What is needed -
Look through the entries and report how many lines include the word "Stock". Give the number alone.
Start of Supplied material
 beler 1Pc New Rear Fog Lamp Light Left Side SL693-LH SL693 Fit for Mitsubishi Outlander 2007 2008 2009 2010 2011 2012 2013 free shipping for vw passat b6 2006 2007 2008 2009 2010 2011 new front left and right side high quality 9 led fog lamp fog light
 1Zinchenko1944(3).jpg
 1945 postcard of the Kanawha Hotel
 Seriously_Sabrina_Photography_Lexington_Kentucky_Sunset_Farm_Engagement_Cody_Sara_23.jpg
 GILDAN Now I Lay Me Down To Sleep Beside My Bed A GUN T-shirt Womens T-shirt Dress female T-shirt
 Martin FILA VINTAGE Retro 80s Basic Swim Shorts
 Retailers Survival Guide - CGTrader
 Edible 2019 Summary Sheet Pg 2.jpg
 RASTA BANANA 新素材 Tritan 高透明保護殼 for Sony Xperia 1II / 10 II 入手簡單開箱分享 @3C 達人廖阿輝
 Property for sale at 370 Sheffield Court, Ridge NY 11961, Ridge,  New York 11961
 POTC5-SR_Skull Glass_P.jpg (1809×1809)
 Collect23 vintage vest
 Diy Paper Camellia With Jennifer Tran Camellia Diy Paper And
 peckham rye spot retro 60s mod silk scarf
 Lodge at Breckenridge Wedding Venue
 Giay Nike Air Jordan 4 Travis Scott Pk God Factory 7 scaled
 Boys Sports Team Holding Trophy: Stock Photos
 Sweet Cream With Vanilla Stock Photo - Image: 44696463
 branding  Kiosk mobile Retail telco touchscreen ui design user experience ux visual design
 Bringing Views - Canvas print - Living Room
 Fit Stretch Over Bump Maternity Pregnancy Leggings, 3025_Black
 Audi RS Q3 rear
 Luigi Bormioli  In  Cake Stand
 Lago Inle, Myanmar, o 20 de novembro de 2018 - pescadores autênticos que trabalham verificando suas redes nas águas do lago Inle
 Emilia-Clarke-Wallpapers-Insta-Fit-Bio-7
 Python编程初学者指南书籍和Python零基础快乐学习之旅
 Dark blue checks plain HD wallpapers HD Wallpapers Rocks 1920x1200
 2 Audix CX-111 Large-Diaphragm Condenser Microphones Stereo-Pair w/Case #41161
End of Supplied material
Reply -
2